Today, for the second time in my life a stranger on a hike told me to relax.  It came in the form of a very squat Hispanic man who said “Chill out, bro” as I was trying to get my dogs into the car.  I think he had passed me on the trail as I was putting my dogs into a choke hold banned by the Geneva Convention to get them to stop going after every dog or plastic bag that passed.  In my mind, I had worked up a response should someone confront me on my dog-training skills, “I’m training these dogs to be bomb-sniffing dogs where any slight deviation in their training could result in their being blown up.  Just by taking the time to talk to you I probably cost my boxer one of her legs.”  In actuality, I got into my car, closed the door and muttered, “You chill out.”
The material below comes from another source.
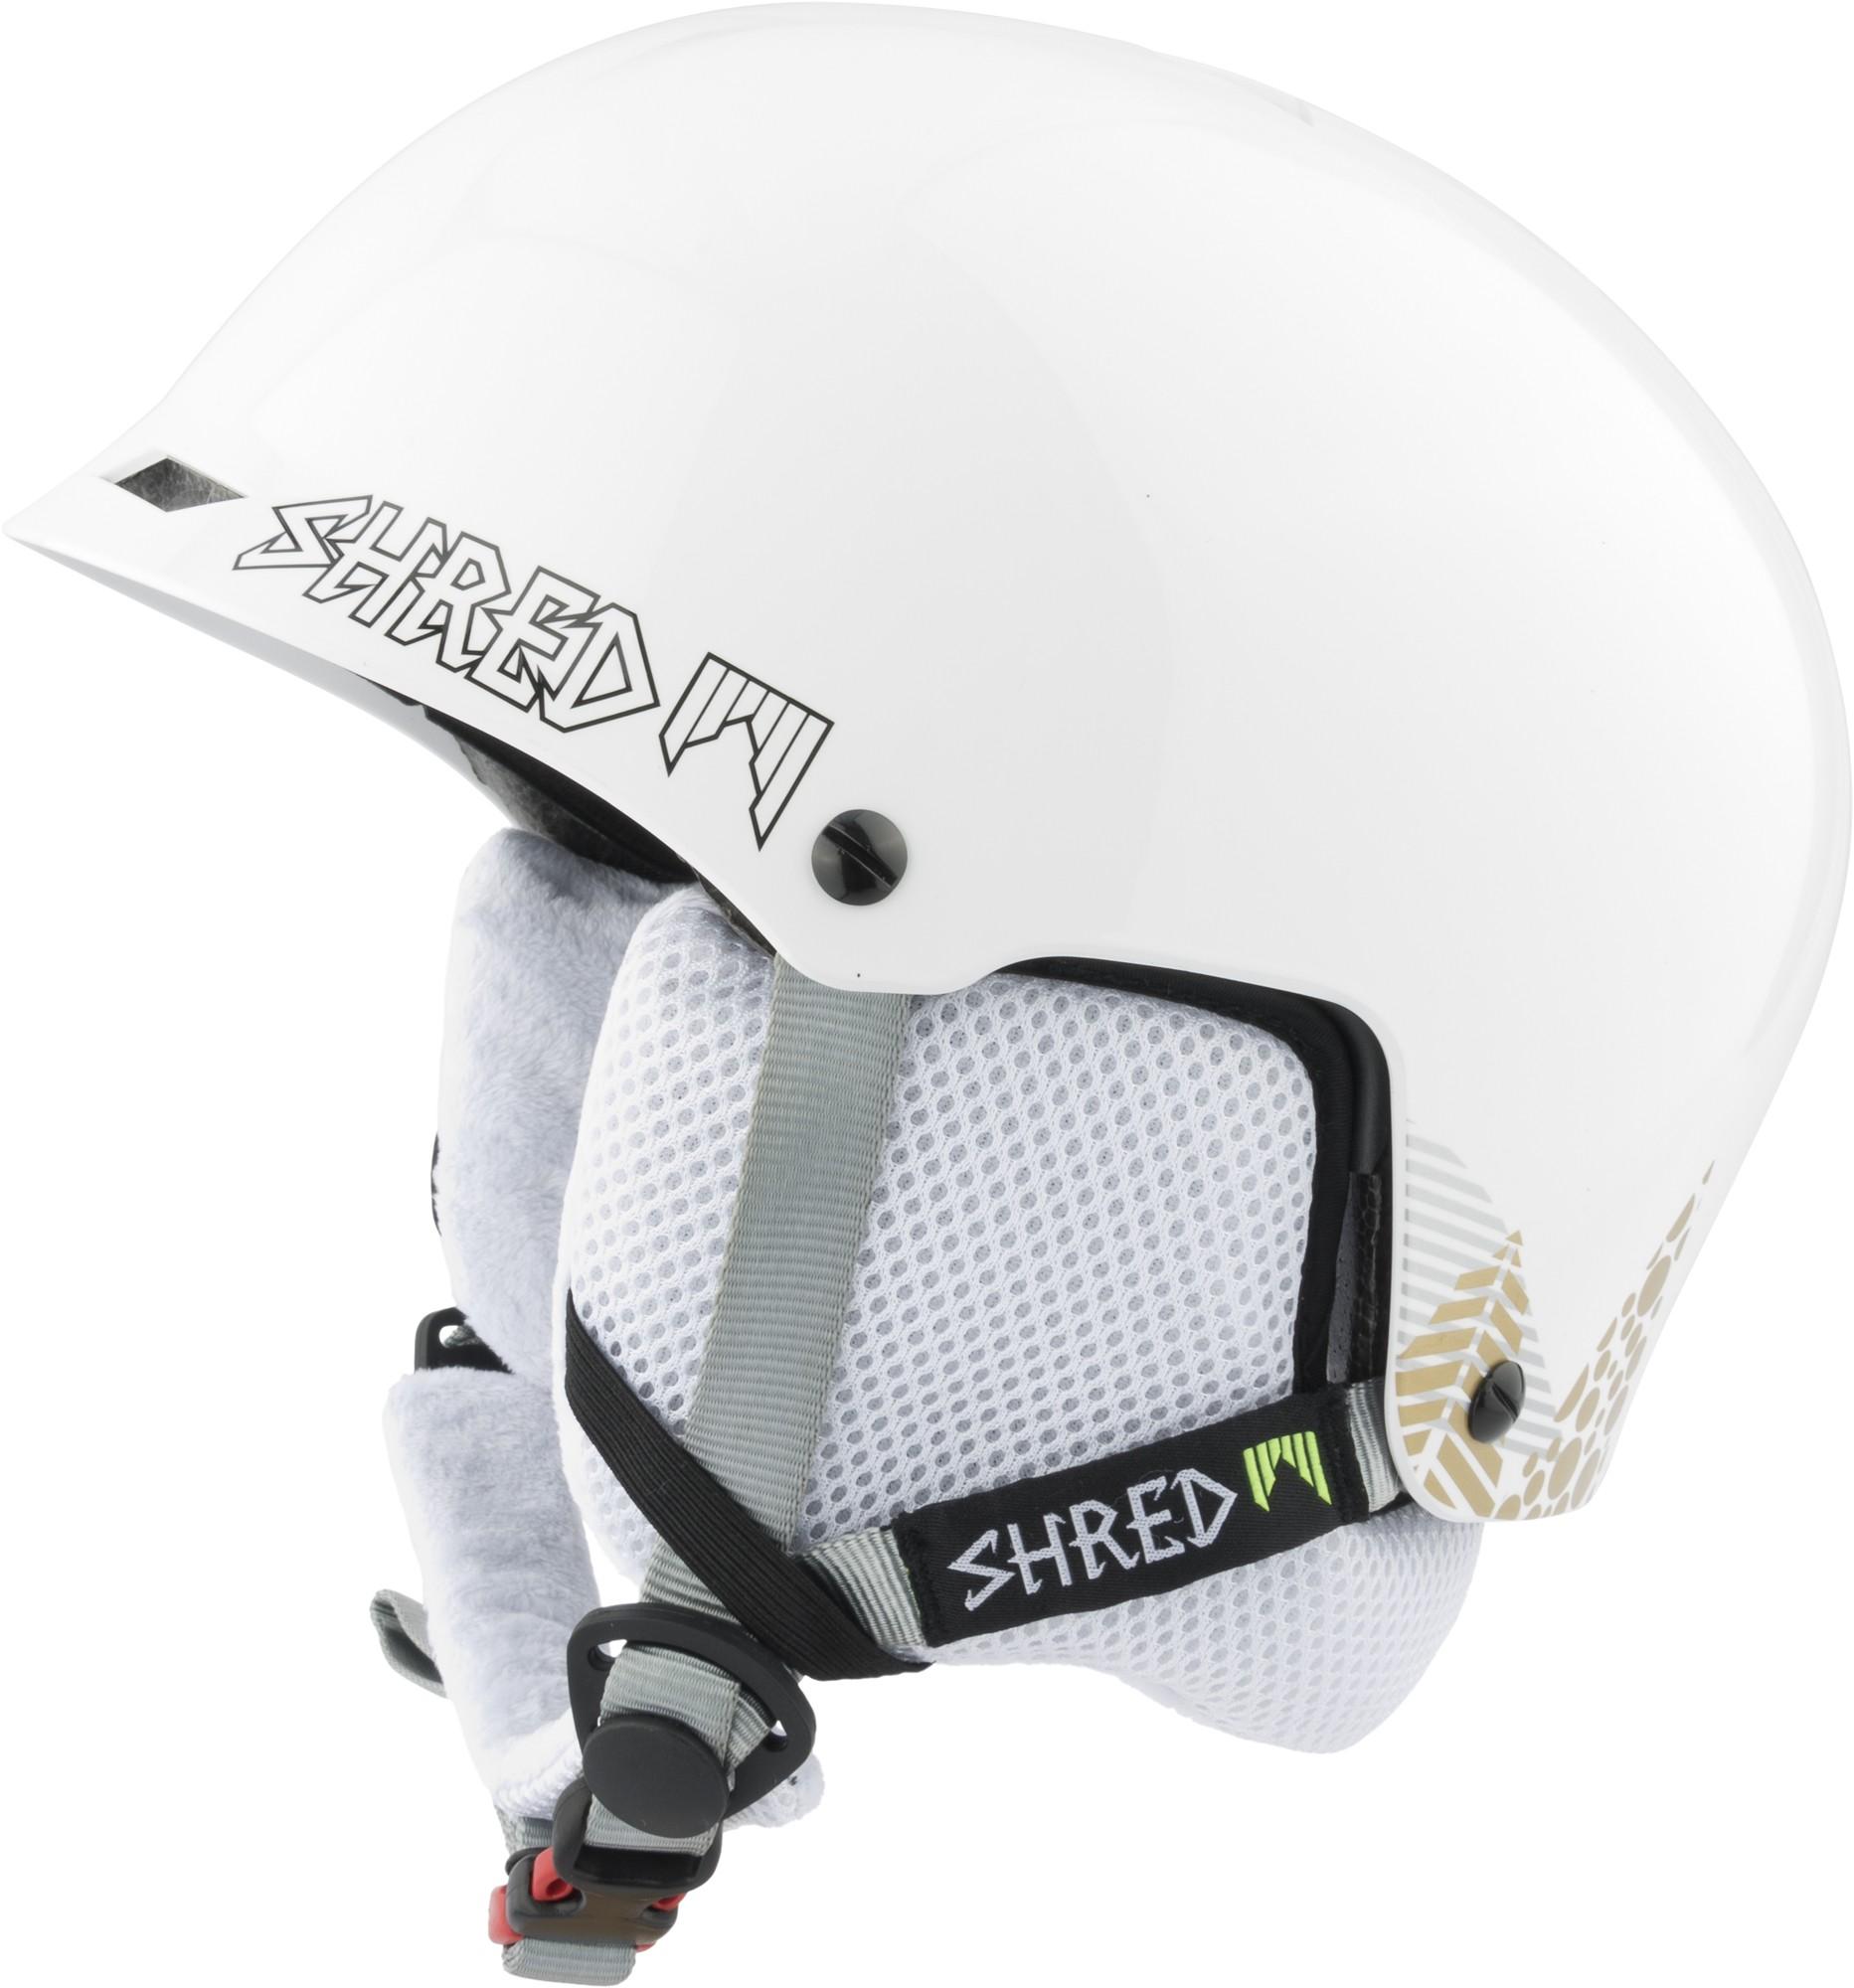 Shred Half Brain TIMBER ski helmet, 2017

The first time someone told me to relax was 12 years ago when I was in South Africa.  There’s a path down a huge bluff that you can take that leads you to the southernmost point in Africa where the Atlantic Ocean meets the Indian Ocean.  While there were many tourists slowly walking down the path taking in the incredible view from up high of two colossal bodies of water slamming into each other, I decided to run full speed down the path clinging to my giant camera backpack to keep from falling over.  As I continued to hurl myself down towards an unknown destination, I was stopped by an old lady walking up the same path I was running down.  She looked at me and said, “Why must you run when everyone else is content to walk?”  I stopped to consider what to this date is one of the most profound things I have ever heard sober.  In my recollection of the event, I turned around to thank the woman and she was gone.  In actuality, I’m sure she wasn’t.  And I’m willing to bet that her actual words were, “Hey, watch it, dick.”  Needless to say,  I did not hold onto that important lesson as I continue to hurl through life, but I’m trying, I’m really trying.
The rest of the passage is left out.